ClusterSwitchConfig_Alert reported in system health alert for non-existing switch
Applies to
- ONTAP 9
- Cluster Switch Health Monitor (CSHM) AutoSupport message
Issue
- Subsystem health for switch gets degraded:
cluster1::> system health subsystem show
Subsystem Health
----------------- ------------------
SAS-connect ok
Environment ok
Memory ok
Service-Processor ok
Switch-Health degraded
CIFS-NDO ok
Motherboard ok
IO ok
MetroCluster ok
MetroCluster_Node ok
FHM-Switch ok
FHM-Bridge ok
SAS-connect_Cluster ok
system health alert show
example:
Node: node_name1
Resource: node_name2
Severity: Major
Indication Time: Fri Aug 13 23:03:53 2021
Suppress: false
Acknowledge: false
Probable Cause: One or more nodes are not connected to both cluster
switches.
Possible Effect: If one cluster switch fails, "node_name2" might lose
access to the cluster.
Corrective Actions: Ensure the switch "no_switch_name1" is connected
to the node "node_name2".
Node: node_name1
Resource: no_switch_name1
Severity: Major
Indication Time: Fri Aug 13 23:29:53 2021
Suppress: false
Acknowledge: false
Probable Cause: Cluster switch "no_switch_name1" with IP address
"123.123.123.123" is not reachable via SNMP. Incorrect
SNMP community string might be configured on the
cluster switch.
Possible Effect: Cluster switch communication problems and
accessibility issues.
Corrective Actions: Check the SNMP community string on the cluster switch
to verify the expected community string is configured.
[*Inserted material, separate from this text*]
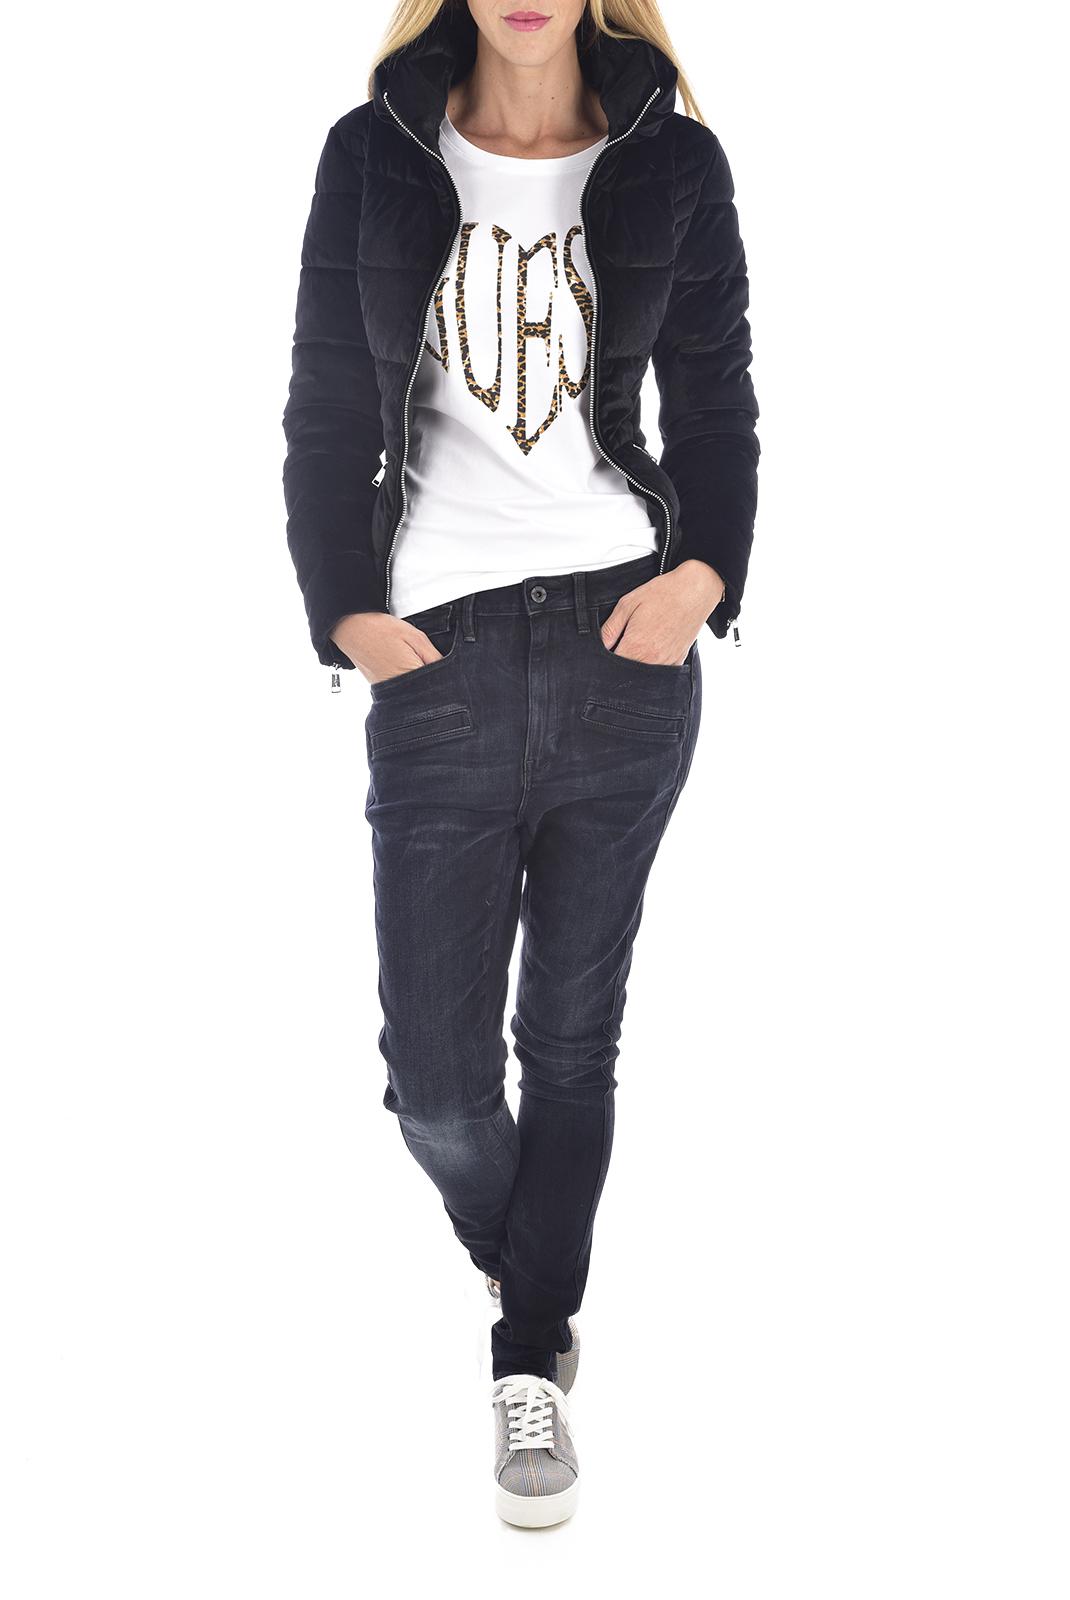 Blouson / doudoune  Guess jeans W94L0I WC570 Jet Black A996

Use the "system cluster-switch show -snmp-config"
command to view the expected community string.
- The switch name and IP address in the alert do not belong to any cluster switches or is reported in the case of a switchless cluster.
- EMS log example:
Fri Aug 13 23:05:50 +0100 [node_name1: mgwd: callhome.hm.alert.major:alert]: Call home for Health Monitor process cshm: ClusterSwitchConfig_Alert[node_name2].
Fri Aug 13 23:30:51 +0100 [node_name1: mgwd: callhome.hm.alert.major:alert]: Call home for Health Monitor process cshm: SwitchCommunityString_Alert[no_switch_name1].
Fri Aug 13 23:03:54 +0100 [node_name1: cshmd: hm.alert.raised:alert]: Alert Id = ClusterSwitchConfig_Alert , Alerting Resource = node_name2 raised by monitor cluster-switch
Fri Aug 13 23:29:53 +0100 [node_name1: cshmd: hm.alert.raised:alert]: Alert Id = SwitchCommunityString_Alert , Alerting Resource = no_switch_name1 raised by monitor cluster-switch
Fri Aug 13 23:29:53 +0100 [node_name1: cshmd: hm.alert.raised:alert]: Alert Id = SwitchCommunityString_Alert , Alerting Resource = no_switch_name2 raised by monitor cluster-switch
network port show -node * -role cluster -fields remote-device-id
reports the correct cluster network switches.